I spend four hours a day watching television and about five minutes reading a newspaper. I seldom go to church and have not visited a library since I left school.
I hate Jimmy Carter, and I’m not sure why. I think Bill Clinton is a lowdown, lying skunk, but I idolize Newt Gingrich and never understood why he resigned from Congress. I miss Newt.
I think Google is a website for watching naked girls.
I curse the traffic that becomes worse each day, but I am unalterably opposed to any new or expanded roads to relieve the traffic, especially if those roads are planned within a 100-mile radius of my home or work.
I drive a pickup truck or an SUV. I consider myself a conservationist.
I believe we ought to be able to deport any Muslim any time without having to go through a long courthouse rigmarole. I think we should suspend the Bill of Rights until we rid this nation of terrorists acts by Islamic fundamentalists. No, I do not think the same rules should apply to Baptist fundamentalists.

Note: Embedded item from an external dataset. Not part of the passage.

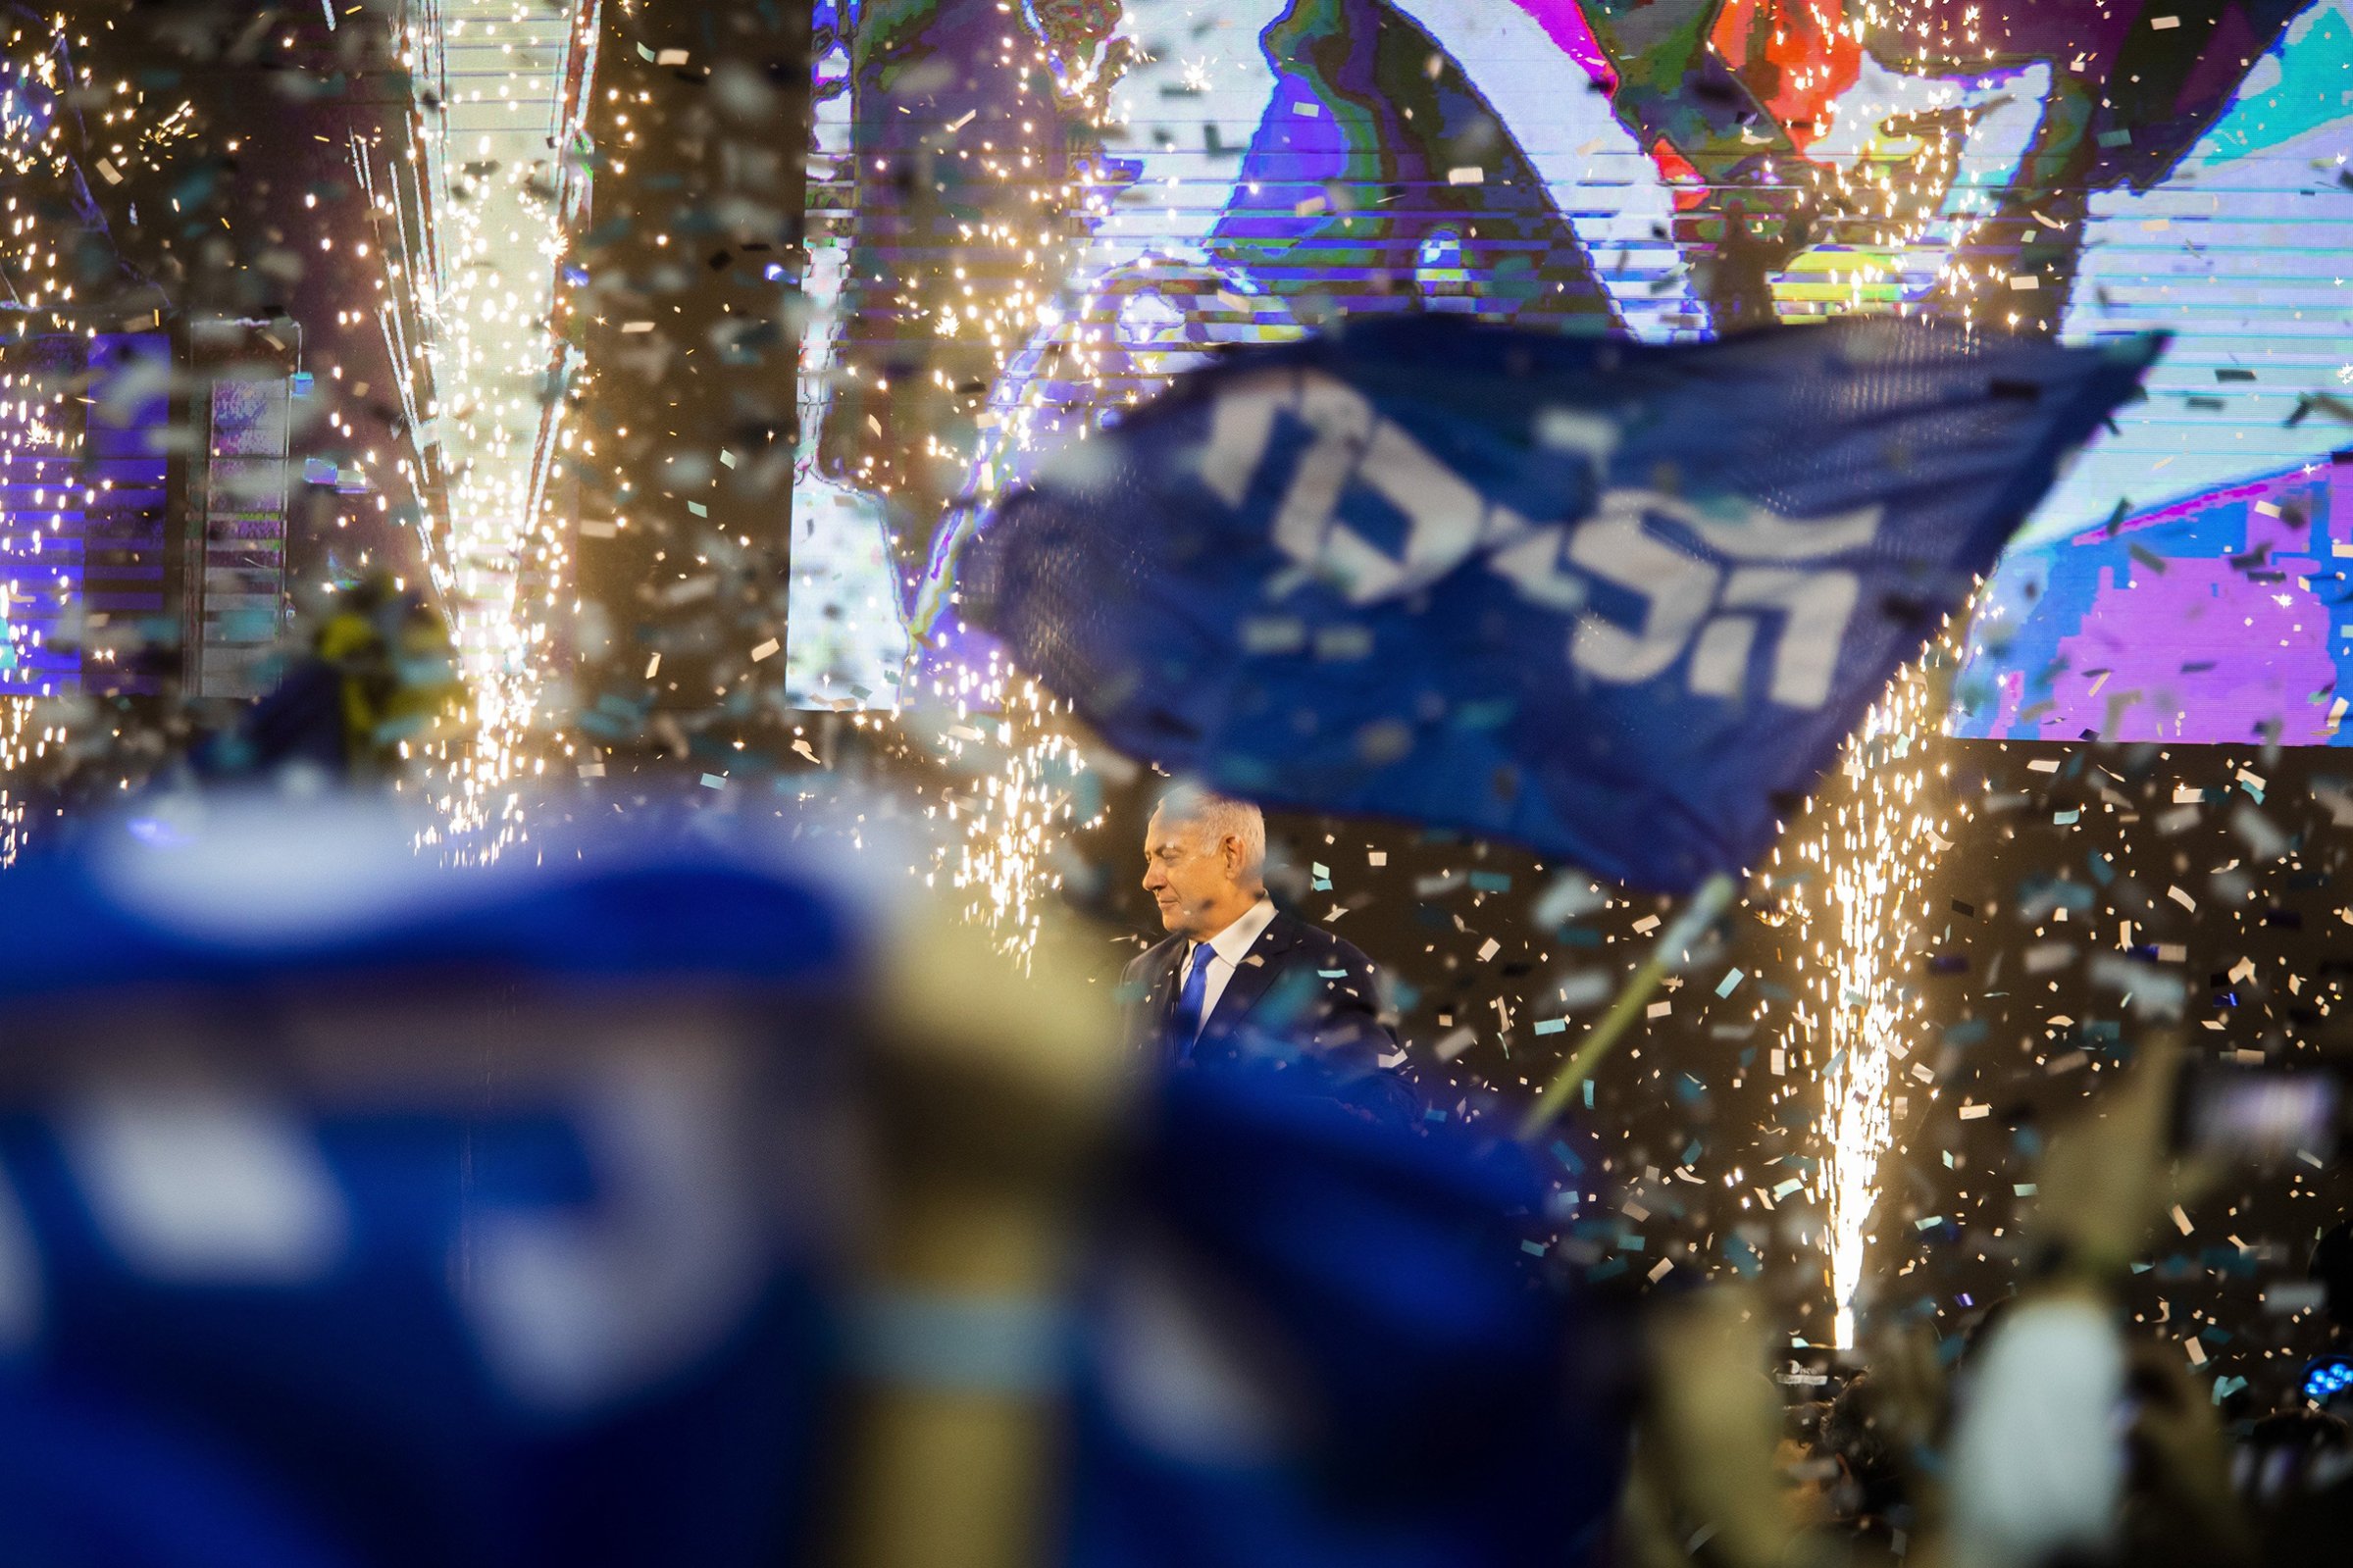 Netanyahu was feted by Likud party supporters at an election-night party in Tel Aviv Israel

If I am black, I believe every public issue, no matter what, is tainted with ulterior racial motives. If I am white, I believe the same thing.
I tell my friends that Andy Young is one of our greatest and smartest African-American heroes, but I wouldn’t vote for him for dogcatcher.
I am overweight. I do not jog, eat quiche or go to gyms. Massage parlors? Maybe.
So who am I? Beats the hell out of me. I don’t know anyone like that. Do you?